Material provided:

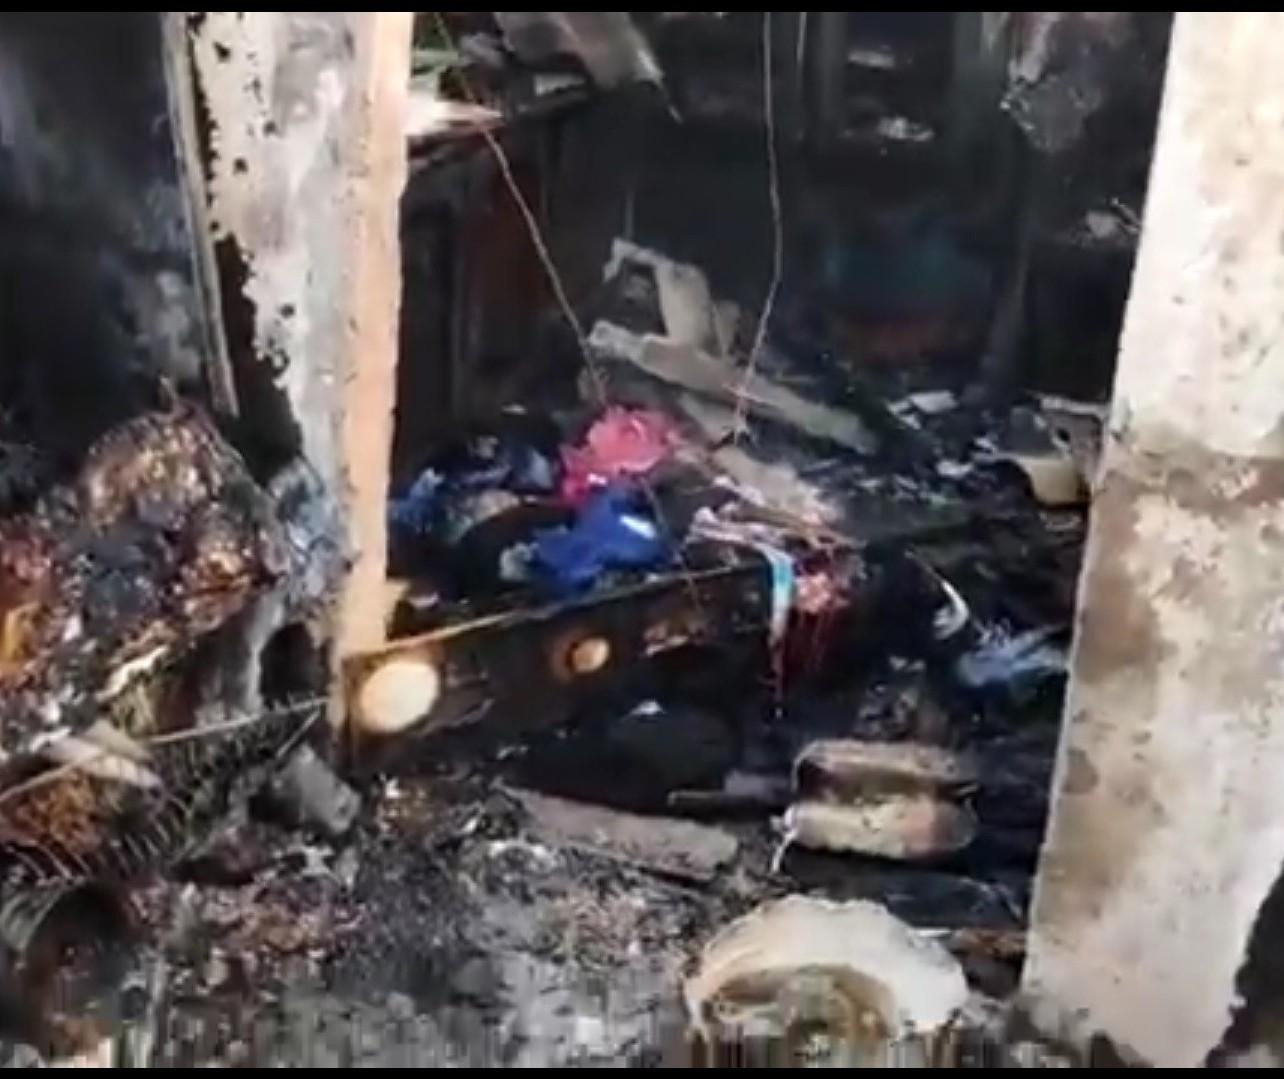 Coletor de lixo que teve casa destruída em incêndio precisa de doações
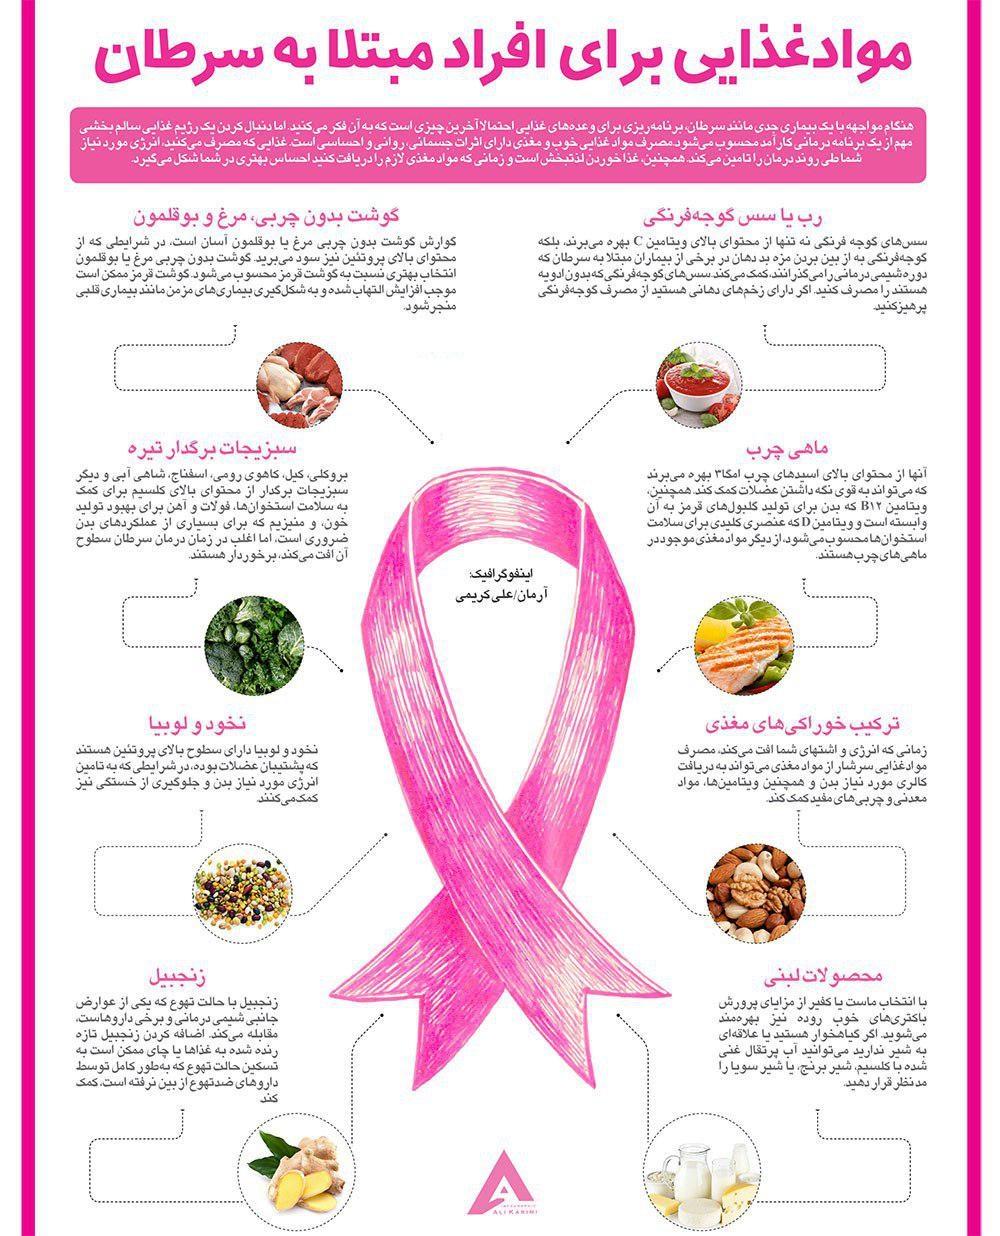 رژیم غذایی مقوی برای بیماران سرطانی + اینفوگرافیک
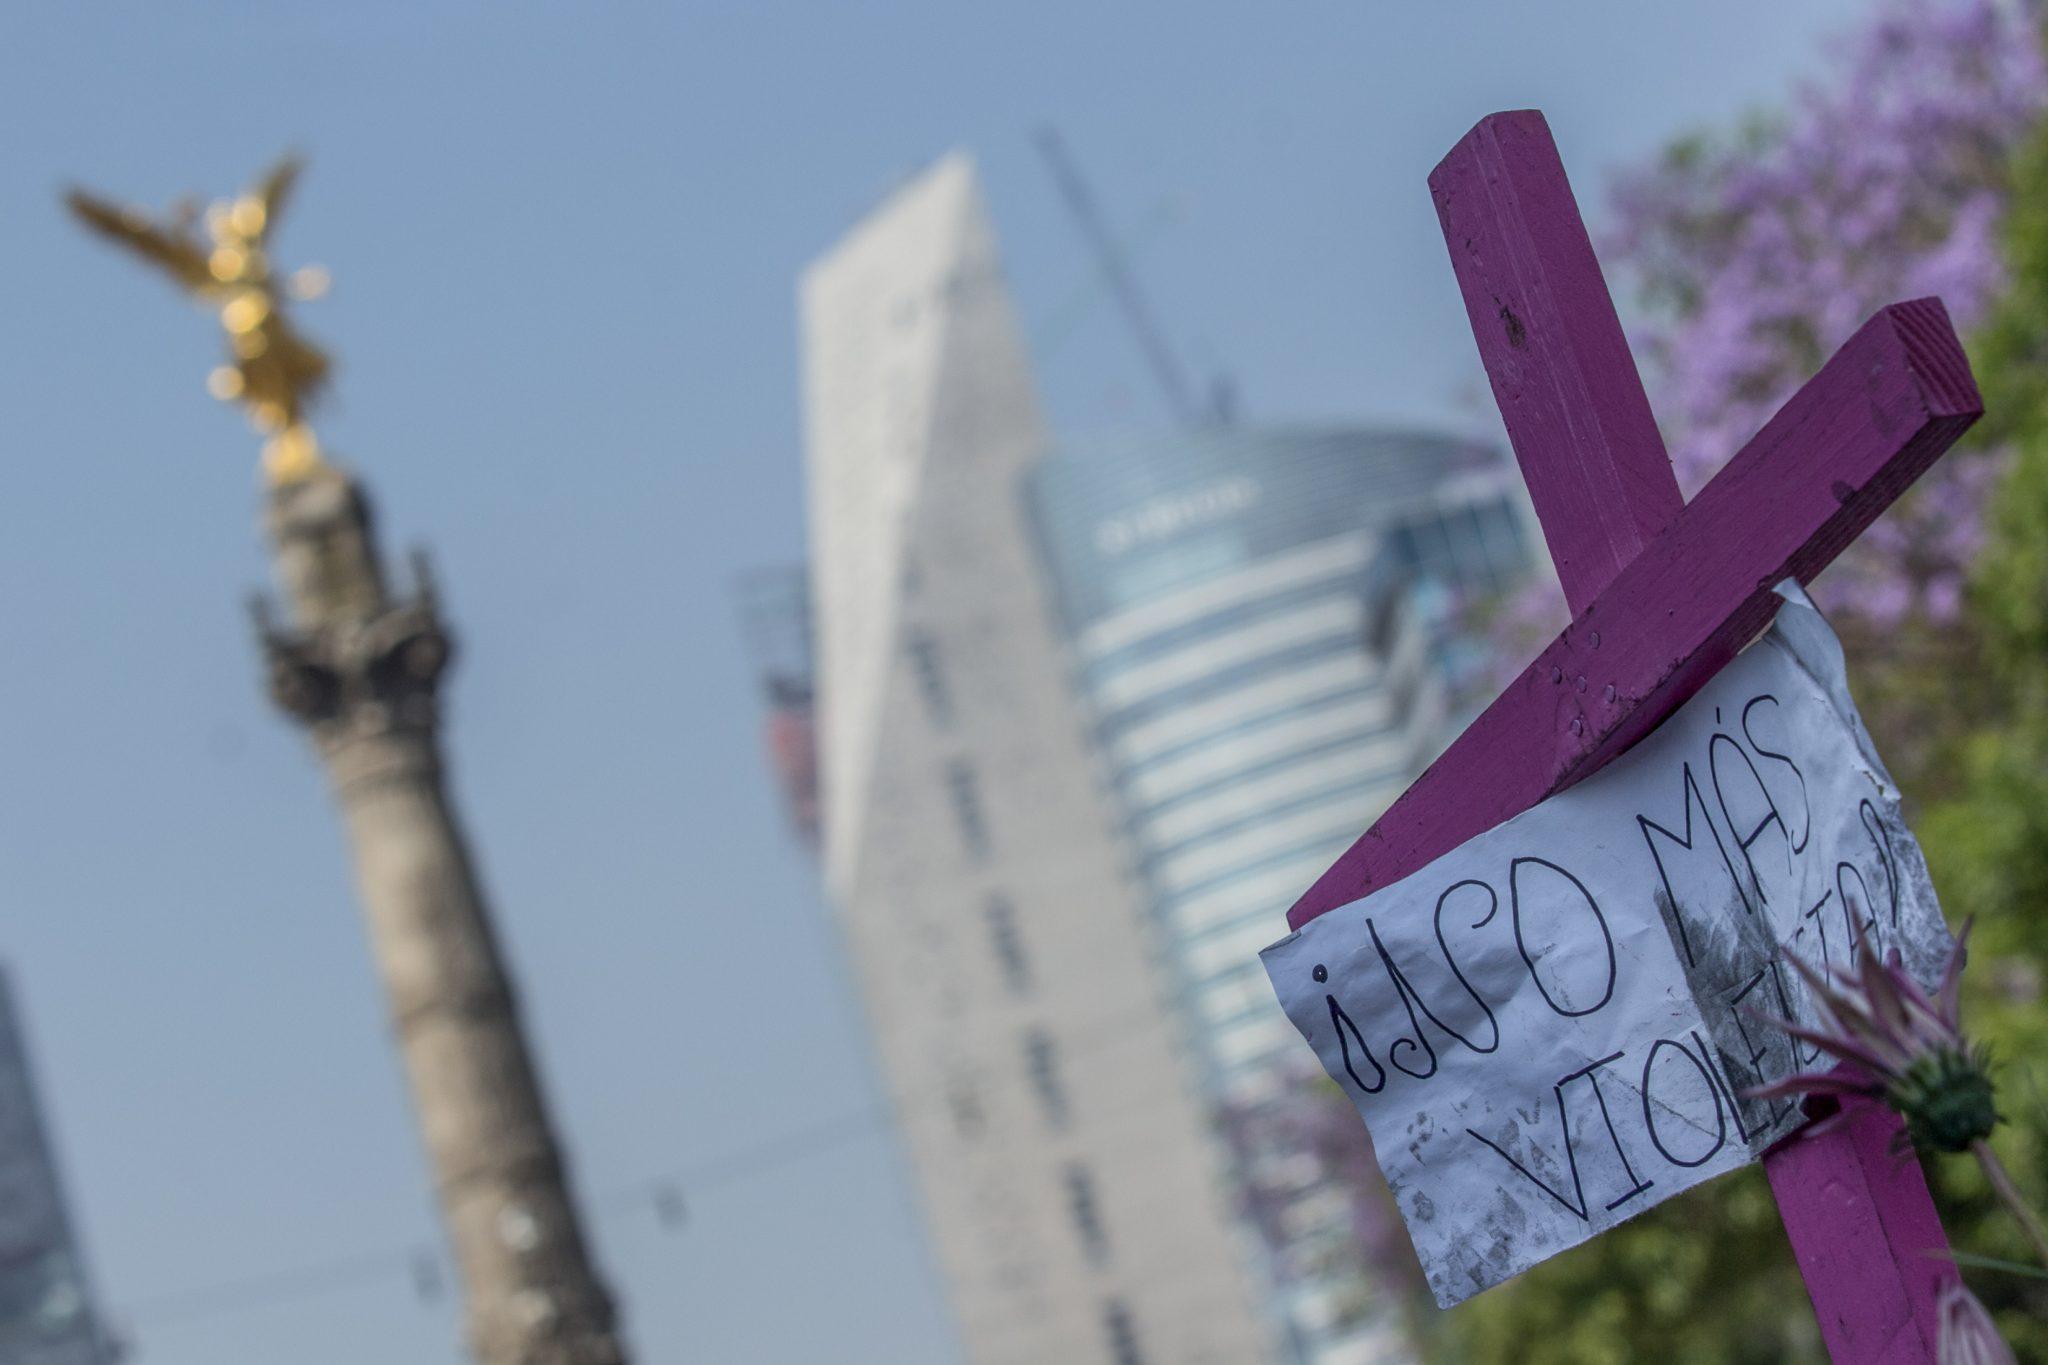 Asamblea Legislativa aprueba penas de prisión más altas para feminicidas en CDMX

Exercise: Write out the line that contains "رژیم غذایی مقوی" and every line after it to the end of the data, exactly as they stand. Omit the pictures.

Answer for the task:
 رژیم غذایی مقوی برای بیماران سرطانی + اینفوگرافیک
 Asamblea Legislativa aprueba penas de prisión más altas para feminicidas en CDMX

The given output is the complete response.